Extracted records: Begin

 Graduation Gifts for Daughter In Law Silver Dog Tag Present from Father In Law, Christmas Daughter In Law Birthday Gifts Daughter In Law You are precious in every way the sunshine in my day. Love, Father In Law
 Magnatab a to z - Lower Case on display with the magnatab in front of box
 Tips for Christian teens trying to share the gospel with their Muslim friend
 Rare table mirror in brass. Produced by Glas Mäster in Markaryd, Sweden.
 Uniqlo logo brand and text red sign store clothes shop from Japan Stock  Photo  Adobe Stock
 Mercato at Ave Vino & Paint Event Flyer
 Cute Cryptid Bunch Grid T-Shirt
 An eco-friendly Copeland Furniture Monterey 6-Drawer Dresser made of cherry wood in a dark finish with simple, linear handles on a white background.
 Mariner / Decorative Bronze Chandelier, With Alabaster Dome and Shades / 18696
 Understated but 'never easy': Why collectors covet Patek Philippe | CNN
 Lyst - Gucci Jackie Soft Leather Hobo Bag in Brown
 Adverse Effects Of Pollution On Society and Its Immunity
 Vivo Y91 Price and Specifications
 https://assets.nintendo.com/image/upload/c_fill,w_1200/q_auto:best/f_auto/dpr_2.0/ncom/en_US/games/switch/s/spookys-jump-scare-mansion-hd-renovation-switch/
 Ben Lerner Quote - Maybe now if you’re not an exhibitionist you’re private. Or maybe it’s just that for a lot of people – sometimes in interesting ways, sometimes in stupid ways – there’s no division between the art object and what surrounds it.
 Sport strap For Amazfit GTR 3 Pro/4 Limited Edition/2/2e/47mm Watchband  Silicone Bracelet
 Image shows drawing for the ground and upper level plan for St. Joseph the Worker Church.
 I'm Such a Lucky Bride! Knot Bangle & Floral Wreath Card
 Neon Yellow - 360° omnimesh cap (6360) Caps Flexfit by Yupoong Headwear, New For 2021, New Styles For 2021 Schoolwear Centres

Extracted records: End

(To do)
Output the lines of the records above exactly as they appear, from the line containing "Rare table mirror" through the line containing "An eco-friendly Copeland".

(Answer for this exercise)
 Rare table mirror in brass. Produced by Glas Mäster in Markaryd, Sweden.
 Uniqlo logo brand and text red sign store clothes shop from Japan Stock  Photo  Adobe Stock
 Mercato at Ave Vino & Paint Event Flyer
 Cute Cryptid Bunch Grid T-Shirt
 An eco-friendly Copeland Furniture Monterey 6-Drawer Dresser made of cherry wood in a dark finish with simple, linear handles on a white background.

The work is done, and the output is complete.